In its digital transformation, China Southern Airlines built an enterprise-level large model and launched 417 intelligent agents. By using intelligent scheduling, it reduced human resource waste by 30%; intelligent operations and maintenance reduced the losses caused by failures. With technology-driven means, it achieved the goal of “saving big money.” It also promoted cross-airline services such as “one ticket for the whole journey” and “baggage check-in at departure, with claim-free transfer,” improving passenger experience while lowering service costs and further boosting customer repurchase rates.

In 2026, China Southern Airlines may continue the operating logic of “spending small to achieve big.” It is expected that the C919 fleet size will reach 10 aircraft, and the ARJ21 fleet will exceed 30 aircraft.
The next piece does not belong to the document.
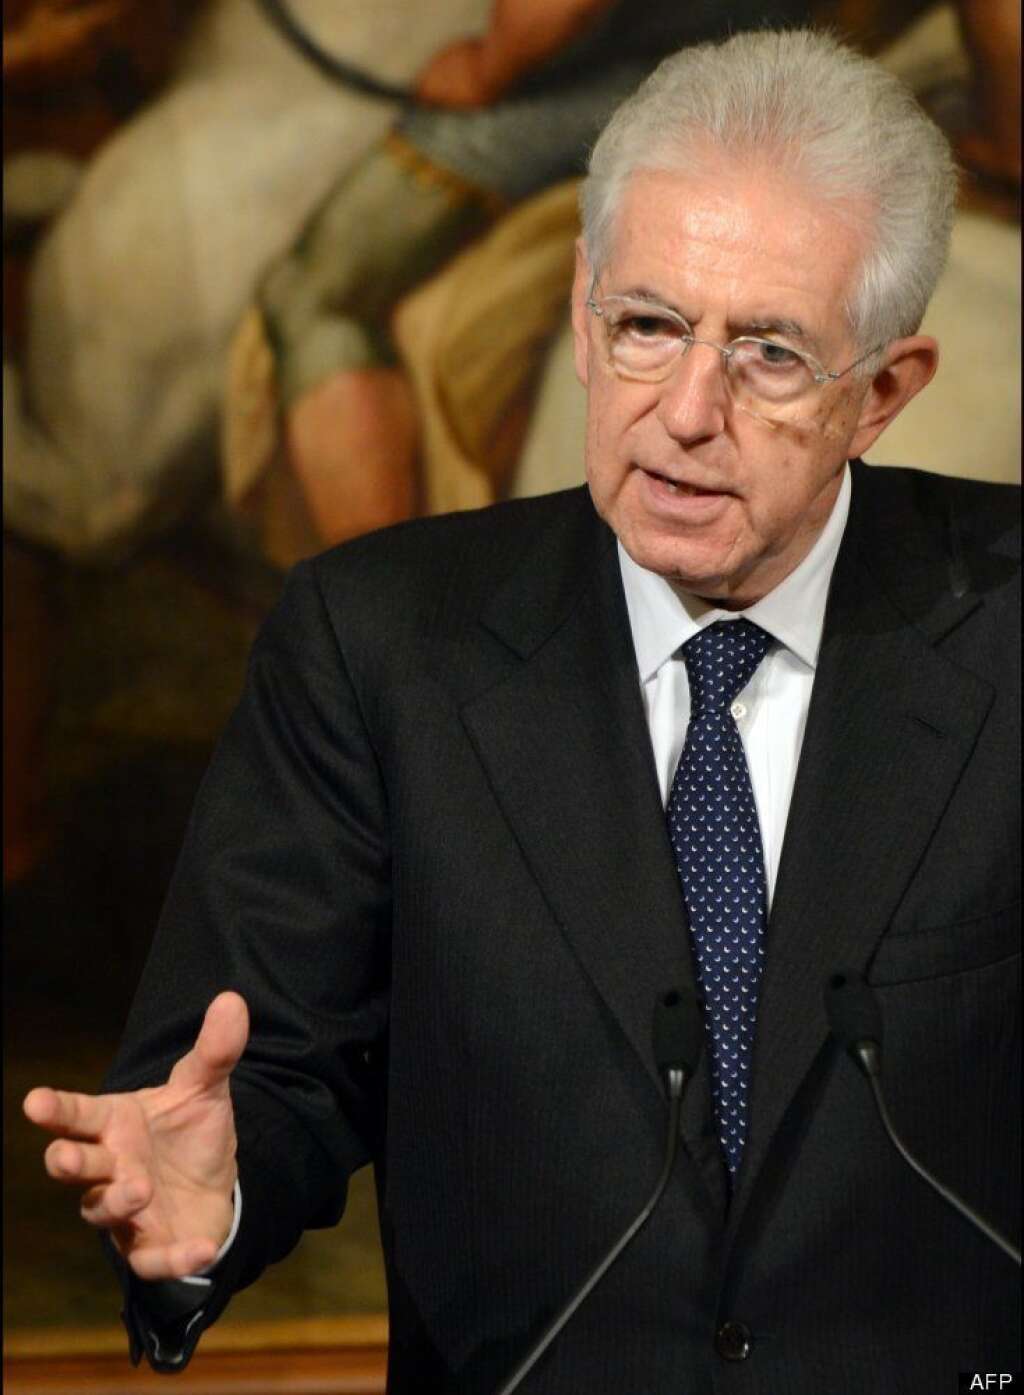 Mario Monti - "Je suis confiant (dans le fait) qu'en cas de référendum, les citoyens britanniques décideront de rester dans l'Union européenne et contribueront à bâtir son avenir", a déclaré le président du Conseil italien devant un parterre d'hommes d'affaires et de responsables politiques, réunis dans le cadre du Forum économique mondial (WEF).    Mario Monti s'est dit d'accord avec son homologue britannique David Cameron sur l'avantage qu'il y a à poser au peuple la "vraie question, pas des questions marginales" sur la façon dont la Grande-Bretagne pourrait rester en dehors de certaines politiques communes.

This will further spread out procurement and maintenance costs, releasing long-term cost-reduction potential. Several institutions predict that China Southern Airlines’ net profit attributable to shareholders in 2026 may reach 5.0–8.5 billion yuan, and its profitability advantage will further expand.

The aviation industry has never been short of cyclical tailwinds; what it lacks is the ability to ride through the cycle. China Southern Airlines has taken “thrift and frugality” from a traditional virtue and upgraded it into a replicable, quantifiable operating system. At the watershed point of industry recovery, compared with “making more money,” what determines the final ranking is “being able to keep control.”